___ Dataset content ___

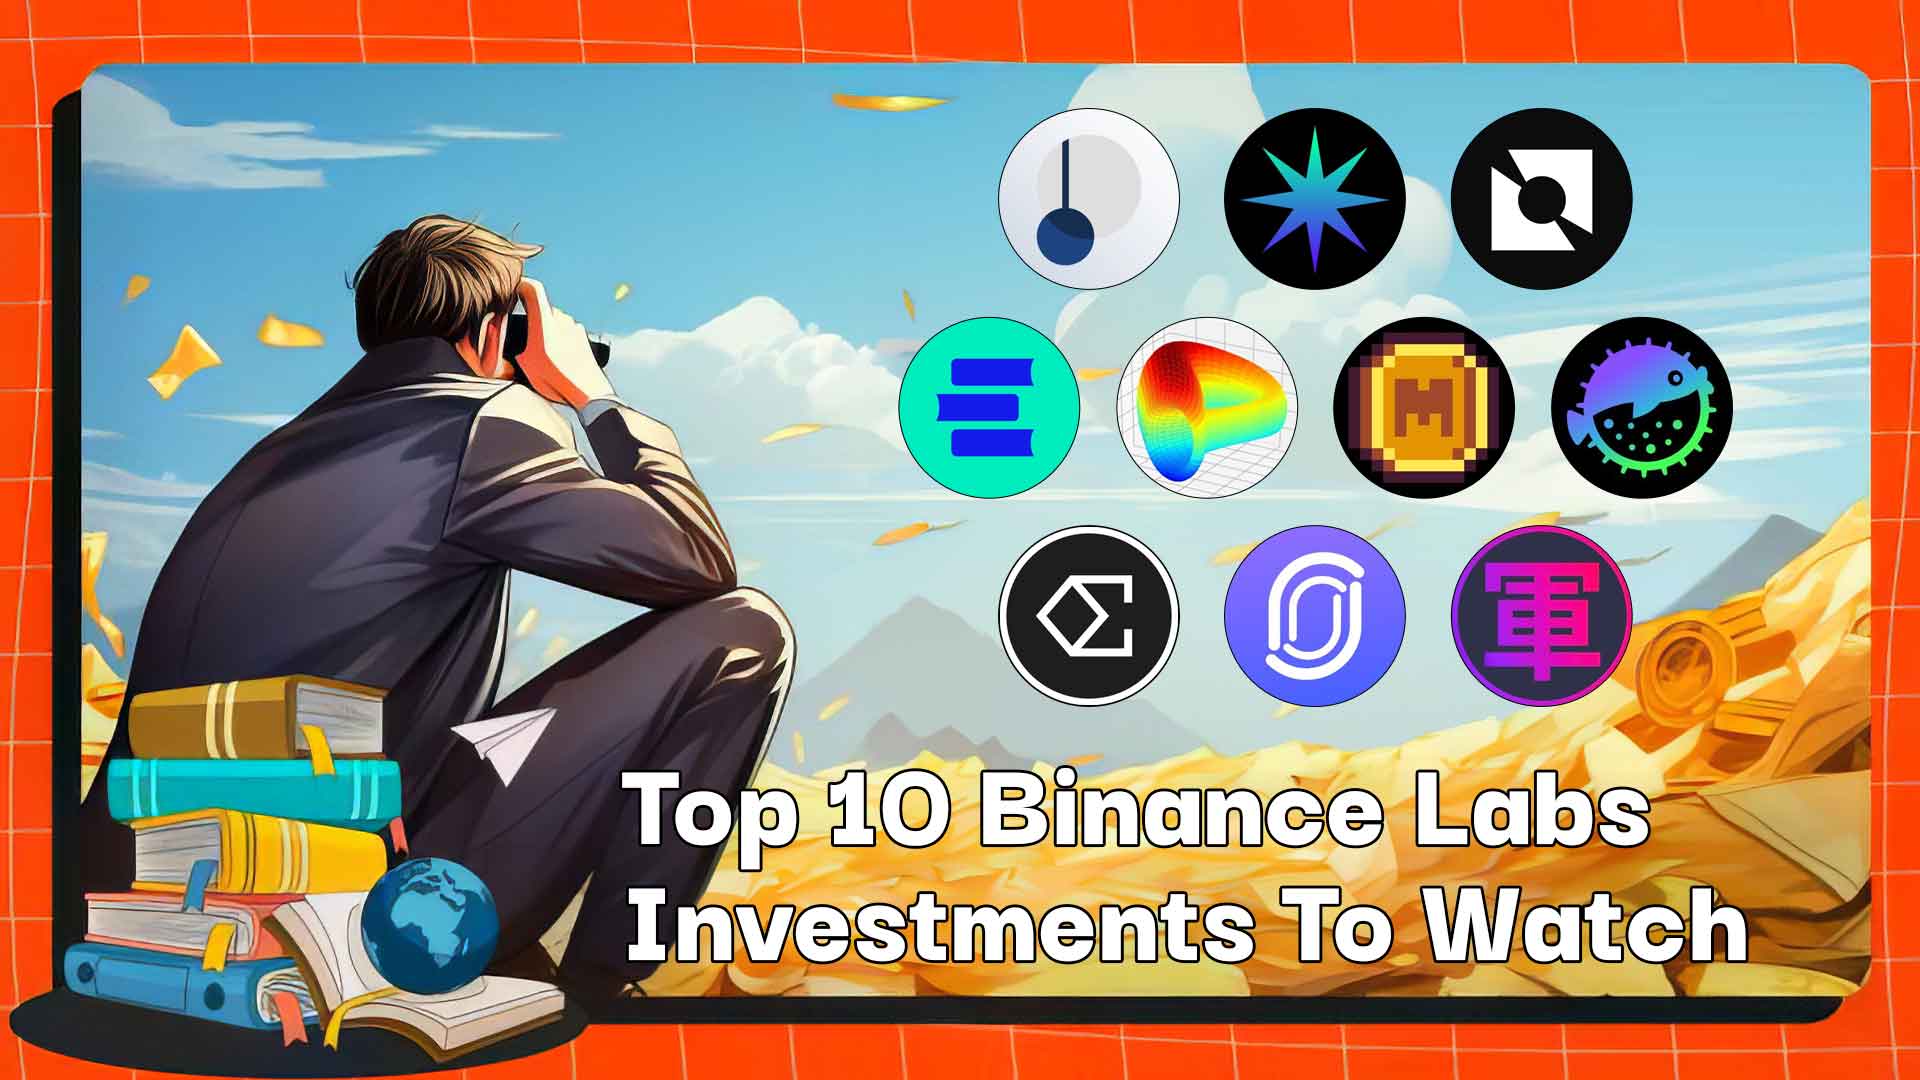 Os 10 principais investimentos da Binance Labs para observar
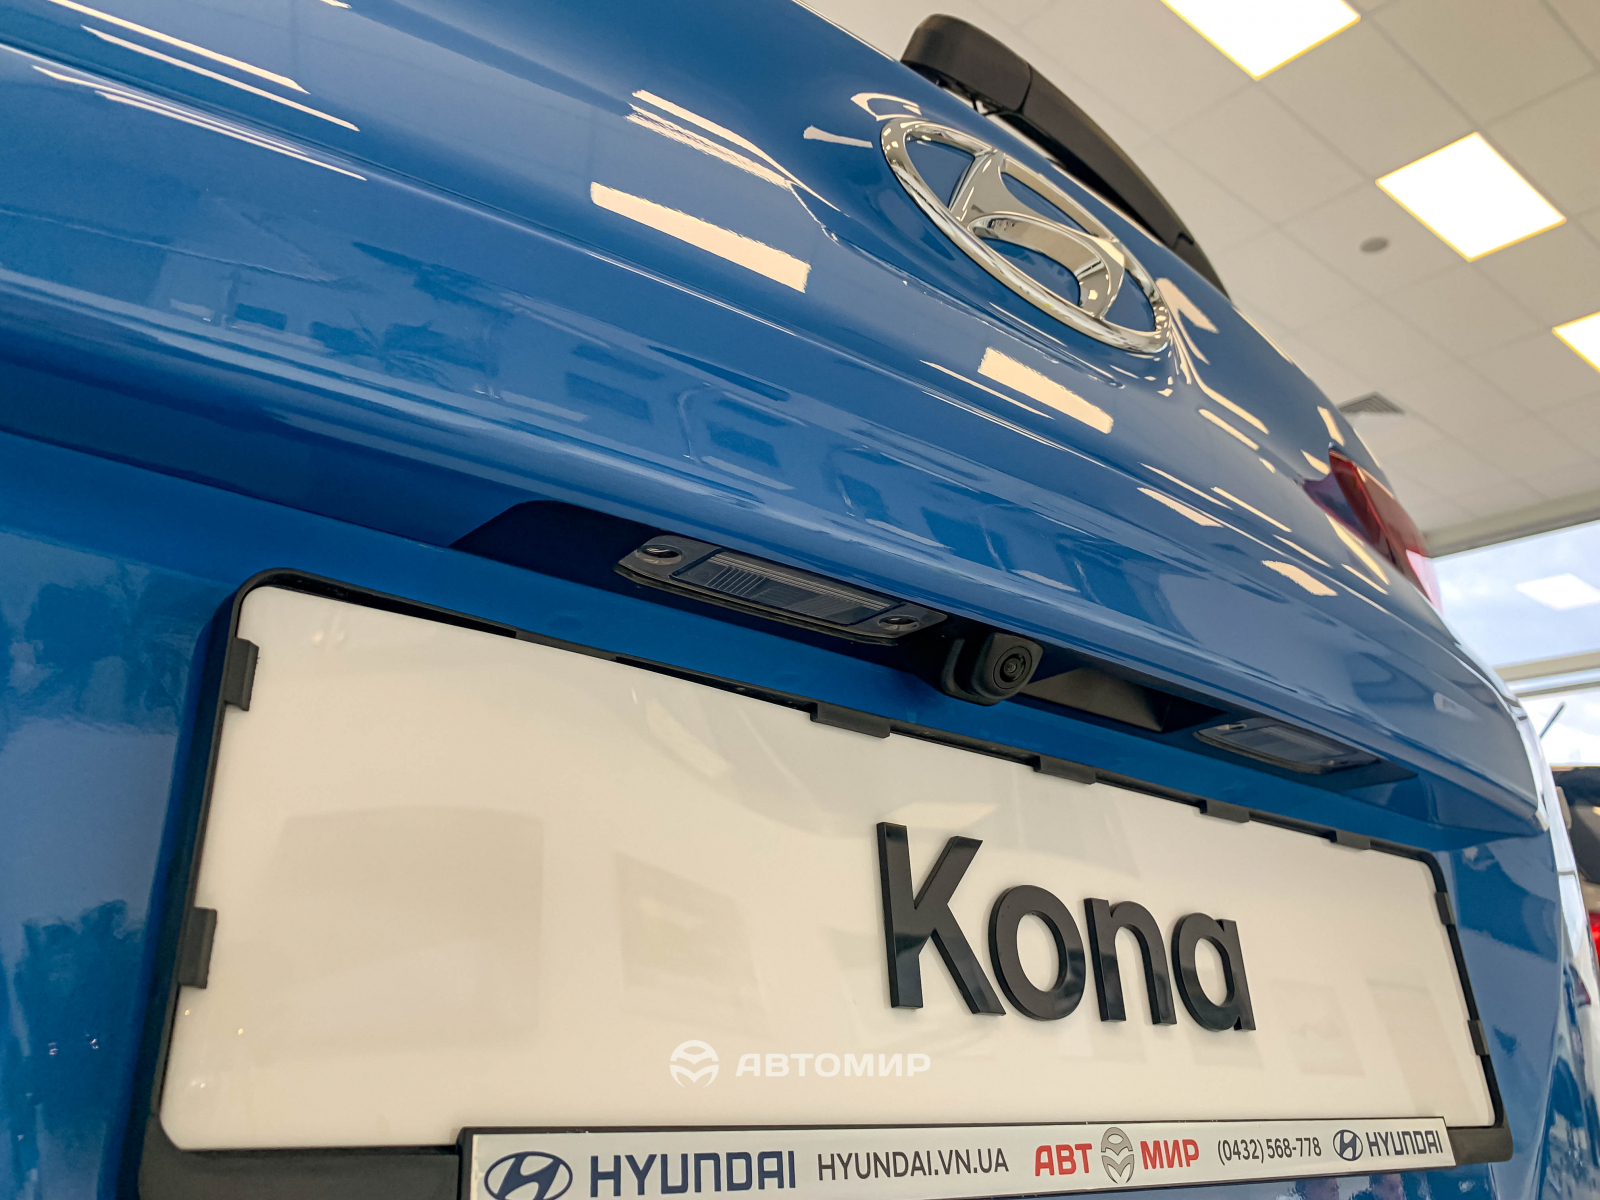 Hyundai KONA FL N-Line Elegance 2-tone. Твій стиль, твої правила. | ВІК-Експо - фото 11
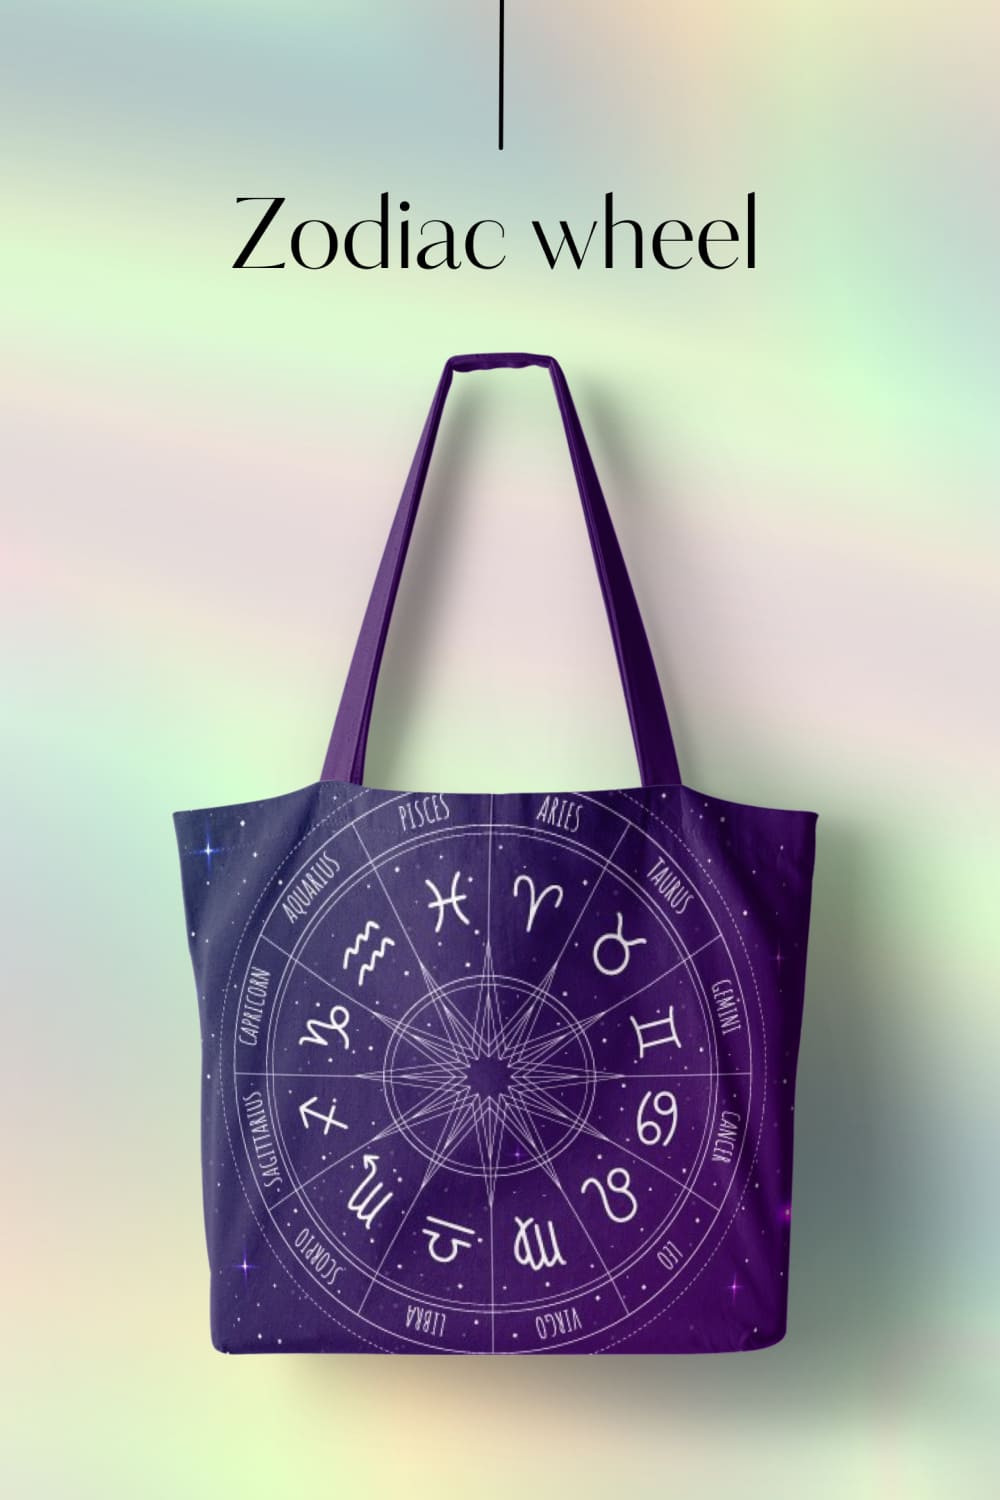 zodiac wheel mystery collection 1 857

___

→ Problem to work on: Although the material contains pictures, only the lines are to be written out, exactly as they stand.

→ Answer area:
 Os 10 principais investimentos da Binance Labs para observar
 Hyundai KONA FL N-Line Elegance 2-tone. Твій стиль, твої правила. | ВІК-Експо - фото 11
 zodiac wheel mystery collection 1 857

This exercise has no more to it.